Contact your Sun Support Representative with any problems you might encounter during this patch install process.


STAGE 1:  PRE WORK

1)
Write down on a piece of paper, your hand, anywhere, the name of the ORIGINAL MAIN SC.  This is one of the most important steps in the entire process, so this must be done!

2)
Connect to both SCs via the external serial cable console connection. It is not advisable to use the smsconnectsc function between the two SCs because the SCs will be rebooting during the process and that would terminate the smsconnectsc connections every once in awhile. The external console connection will stay connected through reboots and therefore is more reliable.  All work should be done in the console session and if possible log the console sessions so we have evidence of the work that was done during this procedure should anything bad happen.

3)
Confirm failover is ACTIVE and datasync is ACTIVE:
SC0 (MAIN SC):
sms-svc%  showfailover
SC Failover Status:     ACTIVE
C1: Up
-v

sms-svc%  showdatasync
File Propagation State: ACTIVE
Active File:            -
Queued Files:           0
If failover status is not ACTIVE, activate it on the MAIN by executing:
sms-svc% setfailover on
This will also activate datasync, and should begin propagation of files from the MAIN to SPARE SC.
Do not proceed until failover is ACTIVE and datasync is ACTIVE with no Active or Queued files.
4)
Confirm that platform configuration changes are NOT occurring:
SC0 (MAIN SC):
sms-svc%  ps -ef | grep hpost
A DR operation is indicated if an hpost -H is running, but any hpost process indicates a configuration change is occurring.
sms-svc%  ps -ef | grep board
Will identify addboard, deleteboard, moveboard DR operations.
sms-svc%  ps -ef | grep cfgadm
Will identify a cfgadm or rcfgadm DR operation.
If there is any hpost or DR process present, let the process complete before proceeding.  If no changes are reported then proceed.

4a) *OPTIONAL STEP*
Confirm that SC failover works properly:

SC0 (MAIN SC):
sms-svc% setfailover force
****************************************************************
NOTE: Forcing failover serves two functions.  The failover will
      confirm that SMS can failover properly from SC to SC.  It
      will also reboot the MAIN SC, assuring that prior to
      applying patches the SC could boot properly.  If the SC
      fails to failover or fails to reboot successfully, the
      patch maintenance should be delayed until the current
      problems are resolved.
****************************************************************

SC1 (SPARE becoming MAIN SC):
sms-svc%  showfailover -r
(Will report SPARE status transitioning to MAIN)
Once SC1 reports it is MAIN, and SC0 has successfully rebooted and reports itself as SPARE, enable failover and fail SMS back to SC0:

SC1 (MAIN SC):
sms-svc%  setfailover on
sms-svc%  setfailover force
Just as with SC0, this will reset (reboot) SC1, and the same NOTE from above applies.

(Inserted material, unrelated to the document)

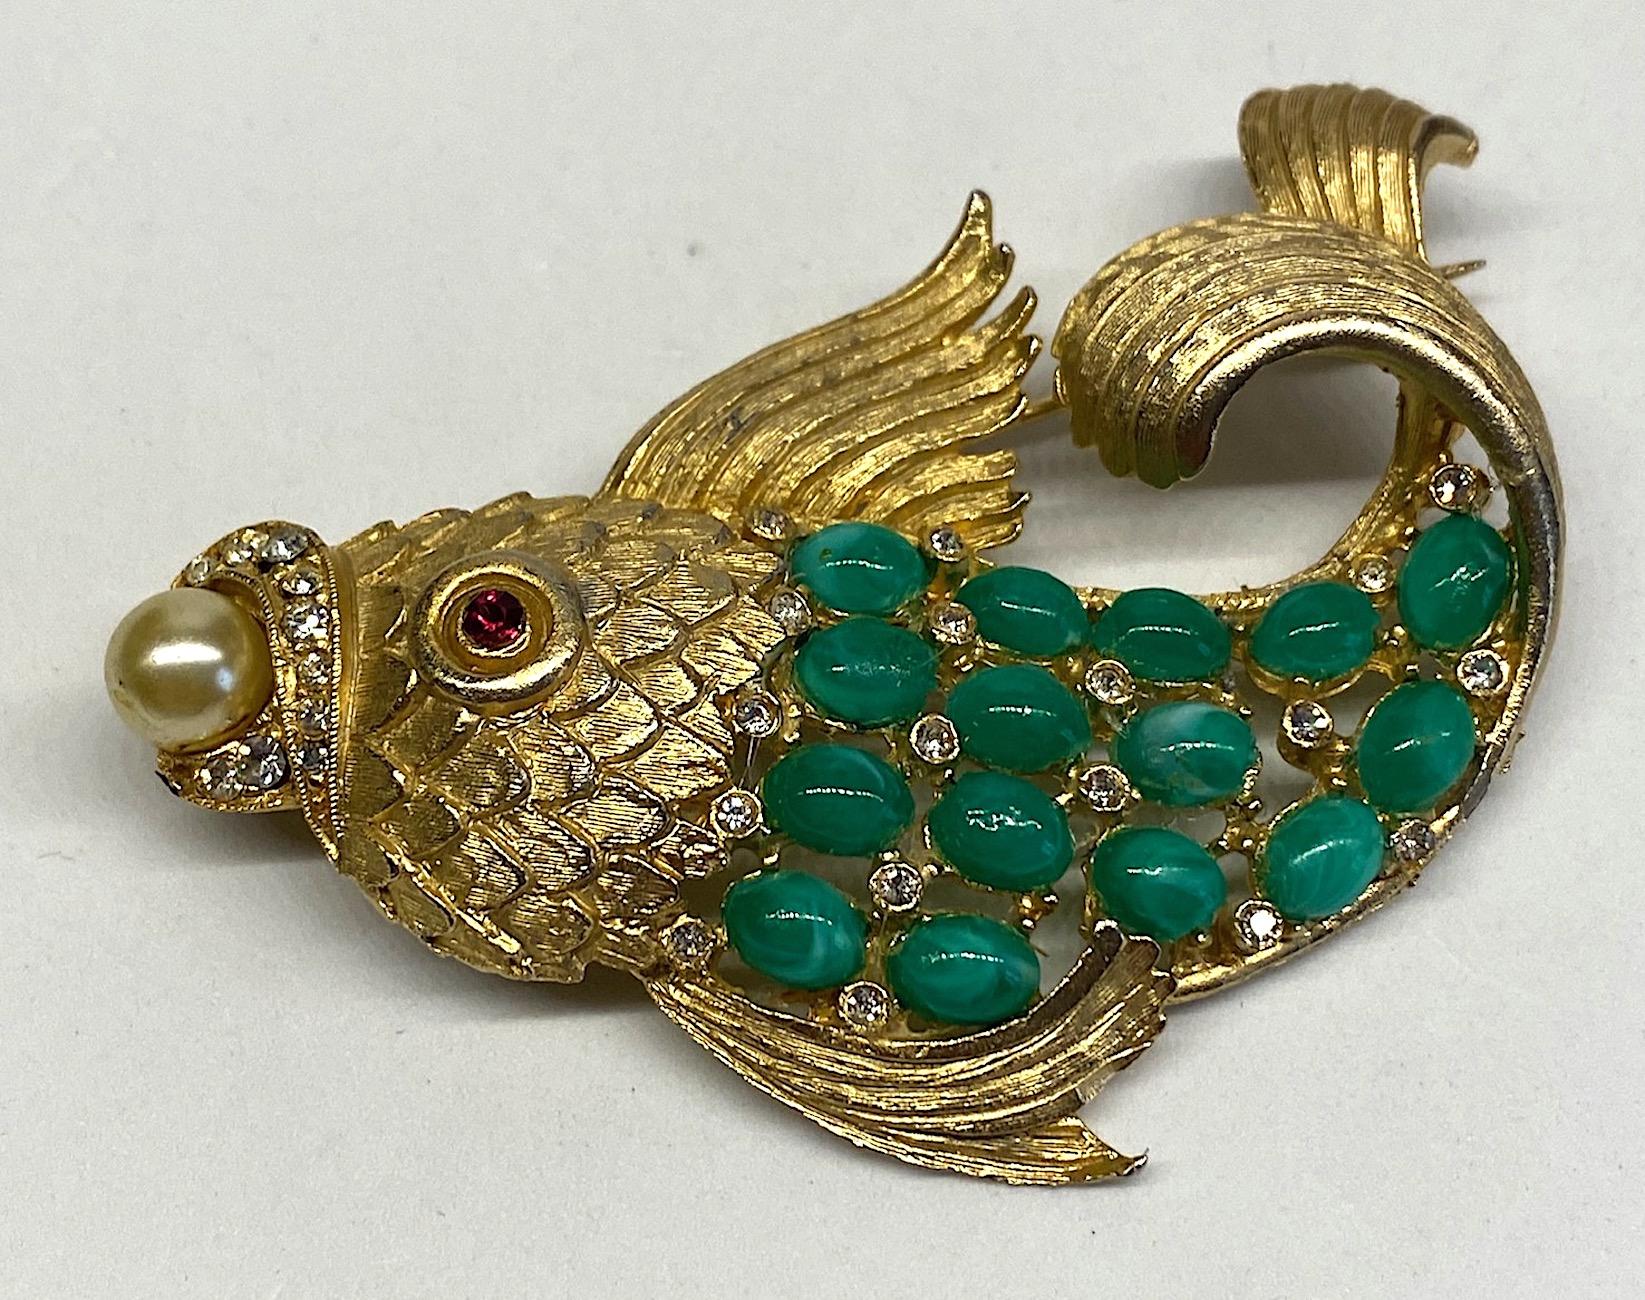 1950s Satin Gold Figural Brooch of Fish with Green Cabochon 1

Following the second failover and SC1s reboot, the original configuration should exist again.  Confirm it:

SC0 (MAIN SC):
sms-svc%  showfailover -r
MAIN
SC1 (after reboot completes):
sms-svc%  showfailover -r
SPARE
5)
Turn off SC failover (If you skipped the OPTIONAL STEP);  If you followed the OPTIONAL STEP, just confirm that failover is off:

SC0 (MAIN SC)
sms-svc%  setfailover off
sms-svc%  showfailover
SC Failover Status:     DISABLED

Proceed to Stage 2.

STAGE 2:  SMS PATCH INSTALLATION

Make sure to have read ALL of the Special Installation Instructions contained in the patch README files for the patches you are about to install.  The steps below apply to most SMS patches but do not include additional steps that some specific patches require.  Fit those additional steps into this process as their READMEs direct.

1)
Stop SMS on the MAIN and SPARE SC:

SC0 & SC1:
#  /etc/init.d/sms stop
1a) *OPTIONAL STEP*
Backup the current SMS operational environment of the MAIN SC:
 
SC0 (ORIGINAL MAIN)
#  /opt/SUNWSMS/bin/smsbackup /
****************************************************************
NOTE: Direct the backup file to be placed in a directory such as
      /var/tmp and not in a directory such as /tmp.  A reboot
      will flush /tmp, so this is not a good directory to use.
****************************************************************

2)
Apply SMS patches to BOTH SCs using patchadd.  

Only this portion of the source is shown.